At other times during the arguments, though, the court seemed somewhat subdued, with both Newdow and Olson speaking for several minutes at a time without interruption from the bench. That could be in part because the court’s most spirited questioner, Justice Antonin Scalia, was absent. Newdow succeeded in getting Scalia to recuse himself after the justice made disparaging public comments about the case. (And that’s no small feat, as Scalia’s refusal to remove himself from an upcoming case involving his duck-hunting buddy, Vice President Dick Cheney, shows.)

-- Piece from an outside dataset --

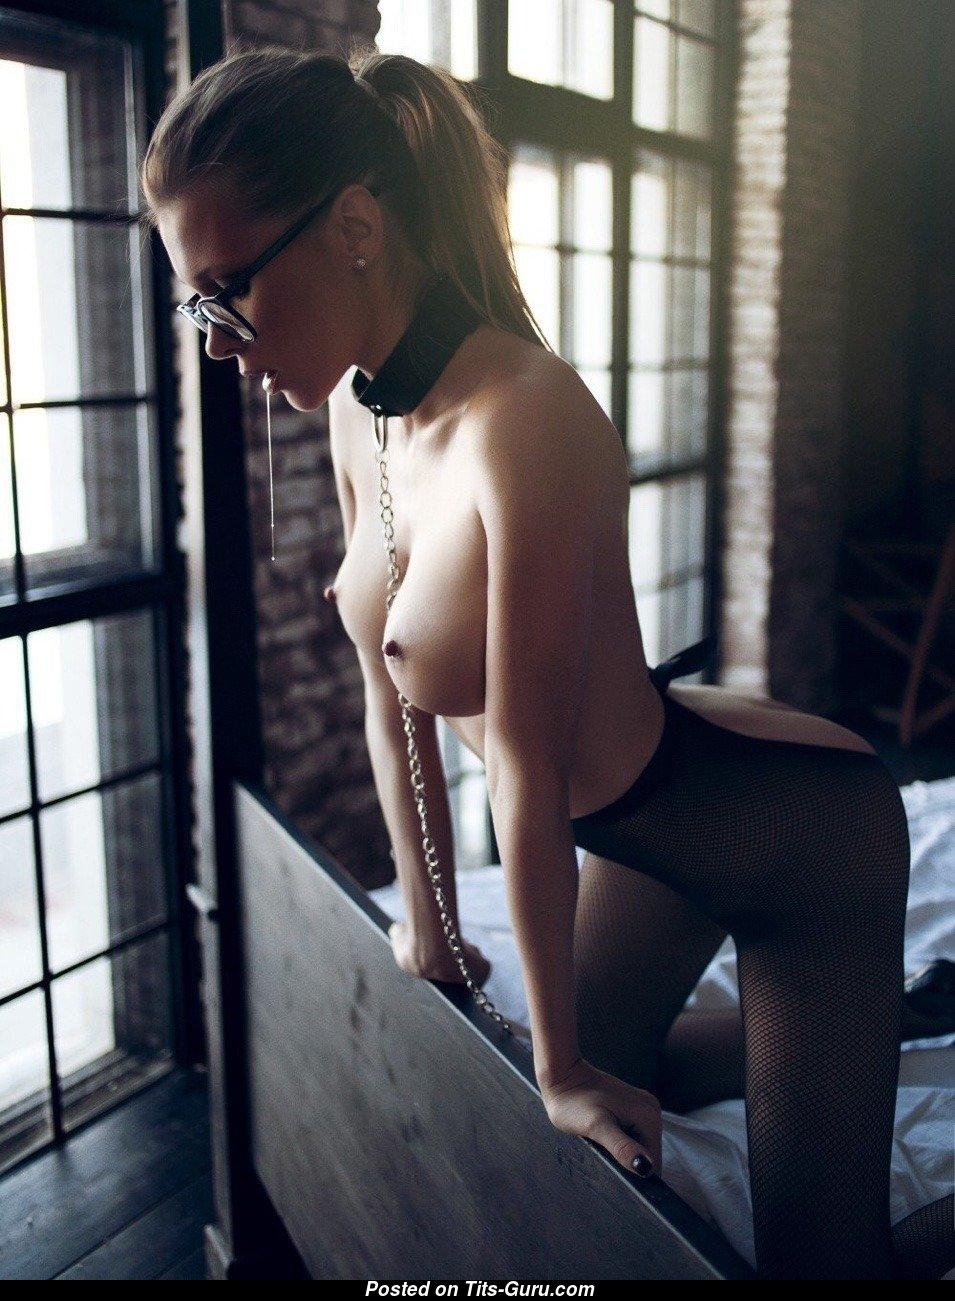 Polnova nackt Marina  Marina Polnova

Though Newdow seemed to face an uphill battle on the merits of his case, the justices first have to consider a more basic question: whether Newdow has “standing” to file suit at all. He first brought the case on behalf of his daughter, a student in the Elk Grove Unified School District outside Sacramento. But he’s now embroiled in a messy custody fight with the girl’s mother, Sandy Banning (the two never married). Family courts have granted Banning ultimate authority for making decisions about the girl’s religious and educational upbringing. Banning has filed an amicus brief saying that she’s a Christian and wants her daughter to say the pledge. She also says her daughter enjoys saying the pledge–in fact, she volunteered to lead the class in the oath on the first day of third grade.

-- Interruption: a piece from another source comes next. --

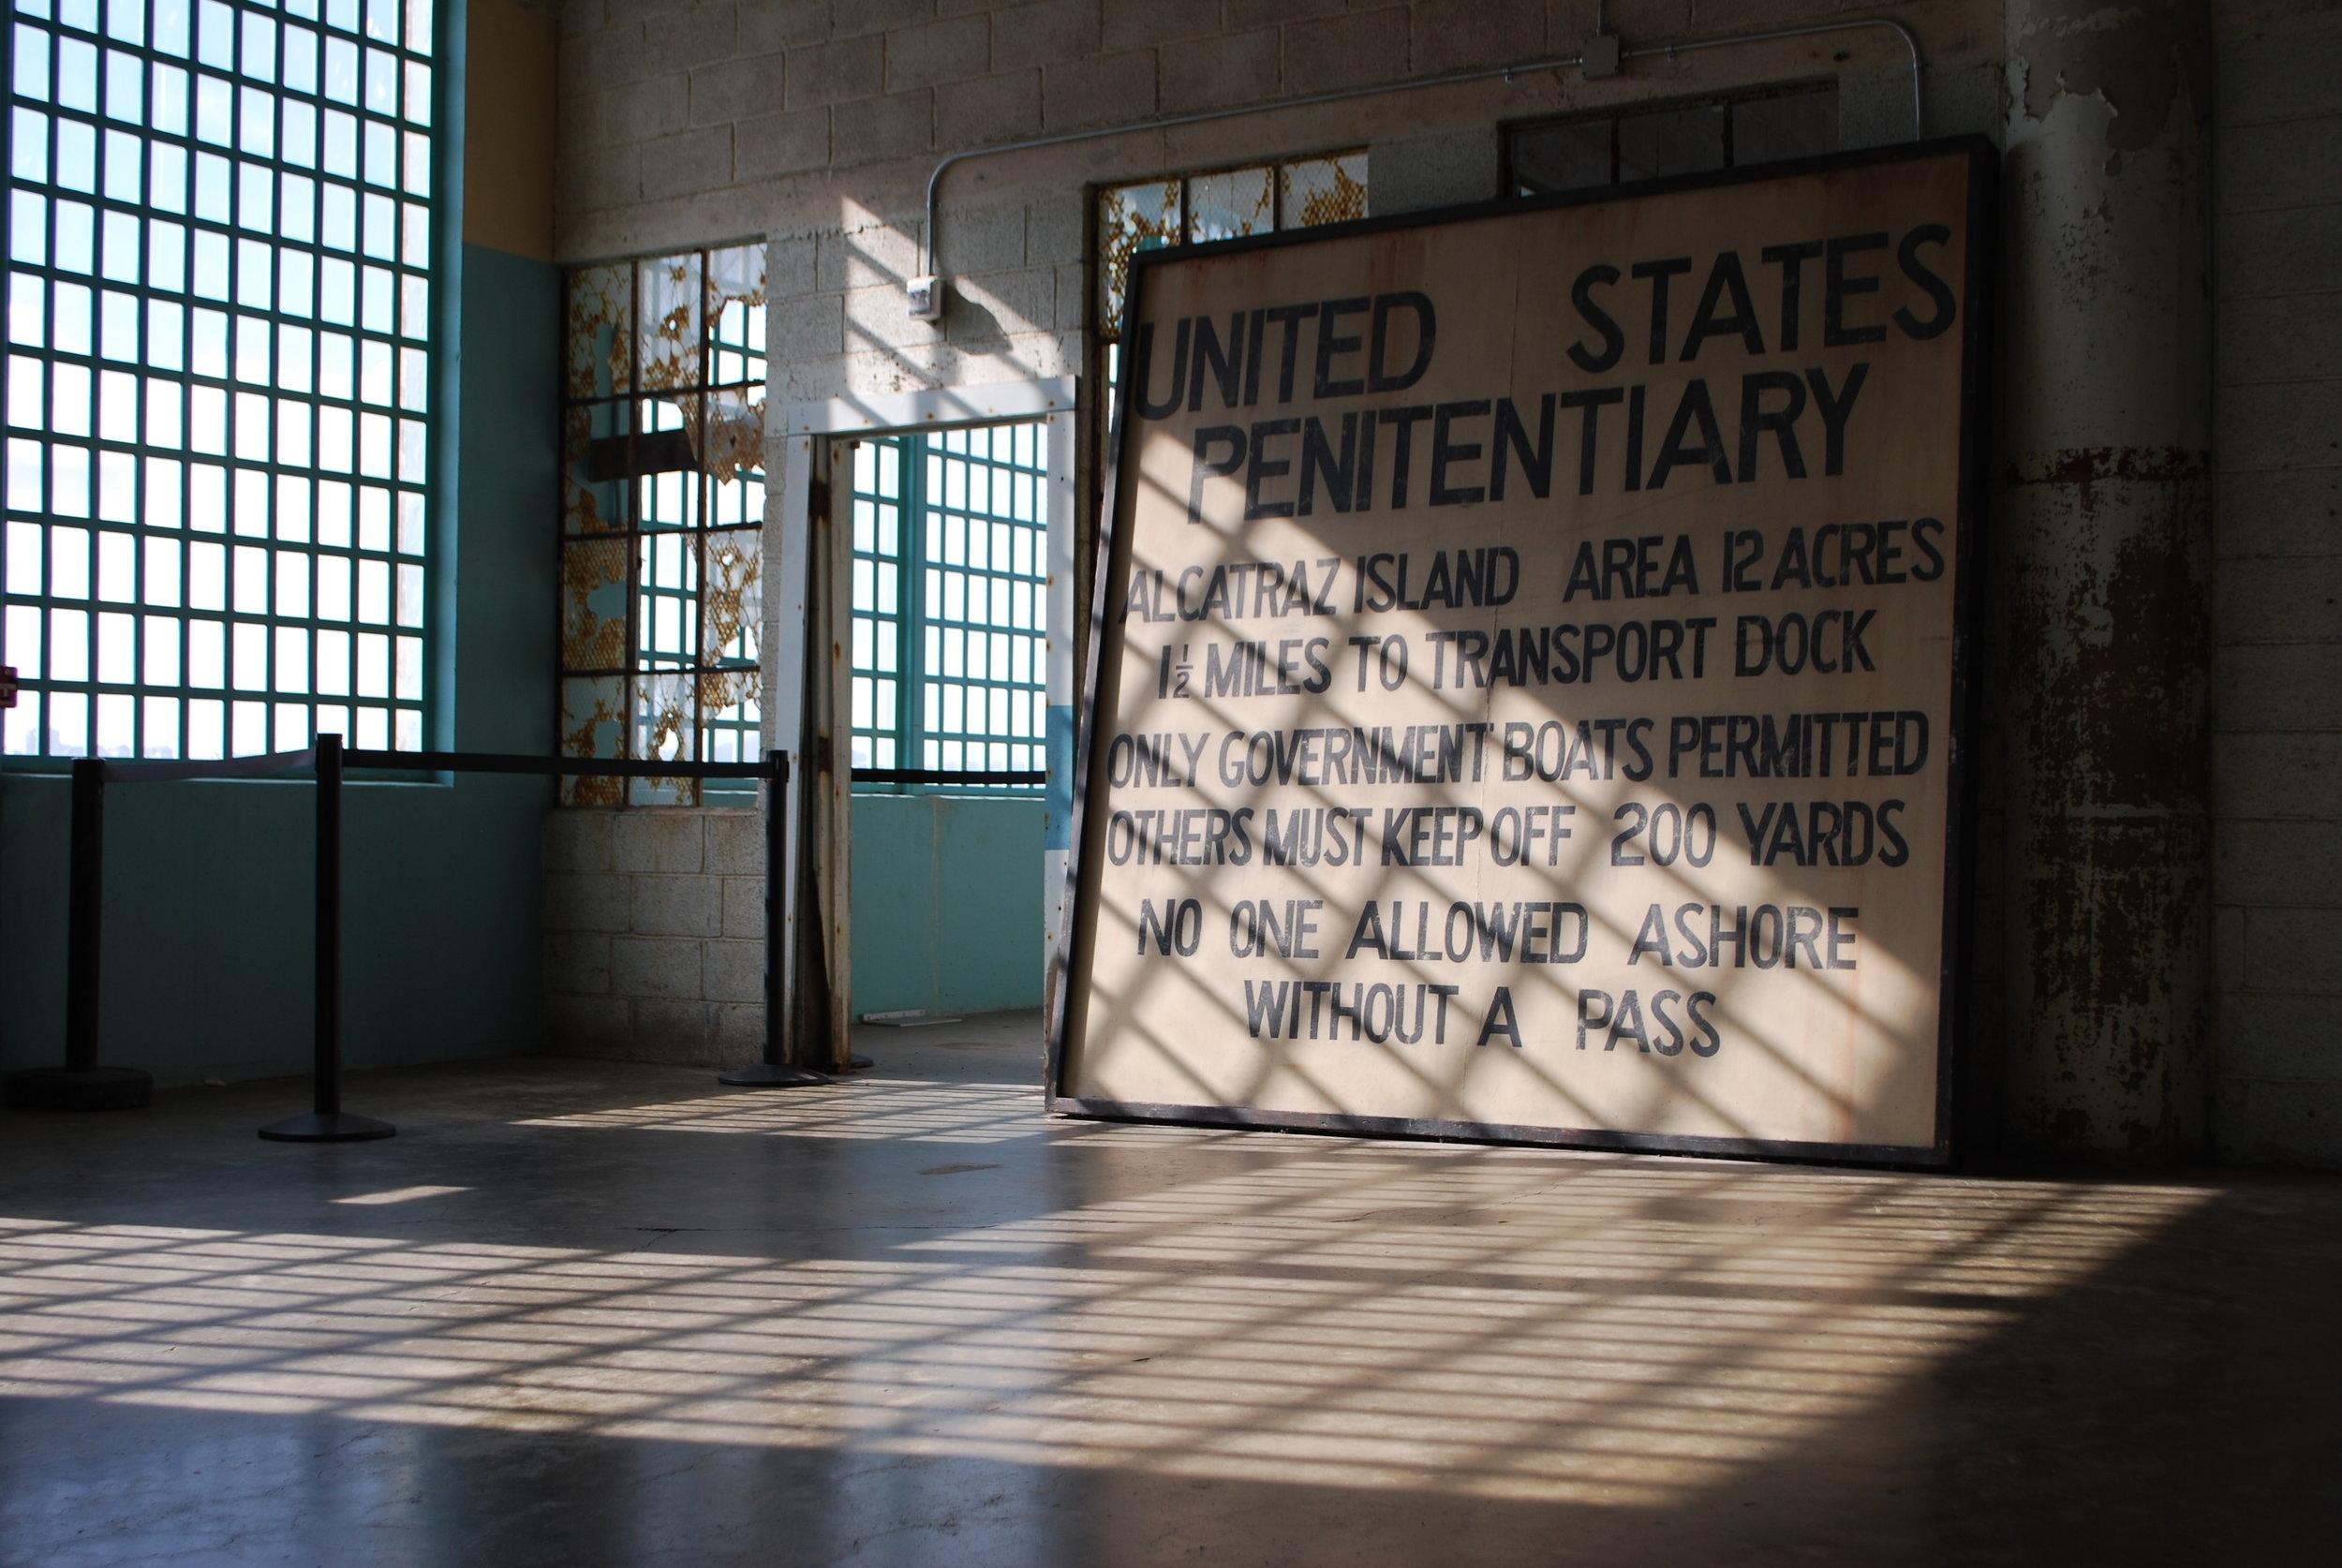 Alcatraz Island, SF, California

Some of the justices seemed unconvinced that Newdow had any right to bring the case. “I think there’s a serious standing problem,” said Justice Anthony Kennedy. If enough others agree, they could dismiss the case on those grounds without ever deciding the constitutional question at hand. The justices did something similar in a case last term, dismissing a case involving Nike, the shoe company, for lack of standing.
But both sides in the Newdow case hope the court won’t use standing as a way to duck the broader issue. “I’d like the case to be resolved on the merits,” said Banning to reporters afterward. “I hope and pray they will support our history and the values of our nation.”
If the justices don’t dismiss the case on standing, they could uphold the appeals-court ruling that the pledge may not be said in schools. Or they could rule more broadly that “under God” must be stripped from the pledge altogether. If justices split 4-4, the appeals court ruling will stand in nine Western states, leaving 10 million children unable to say the pledge.
Newdow emerged from the court to face a throng of supporters chanting “We want Mike!” at the foot of the court steps. They held signs like AMERICA–IT’S NOT JUST FOR FUNDAMENTALISTS ANYMORE and ONE NATION UNDER THE CONSTITUTION. Another set of demonstrators recited the pledge–loudly including the words “under God”–sang “God Bless America” and knelt in prayer. Newdow gazed at the bank of television cameras and scanned the crowds who’d lined up to hear his case. “Anybody in the country can uphold the Constitution,” he marveled. “What a system.”
A ruling in the case, Elk Grove Unified School District v. Newdow, is due by June.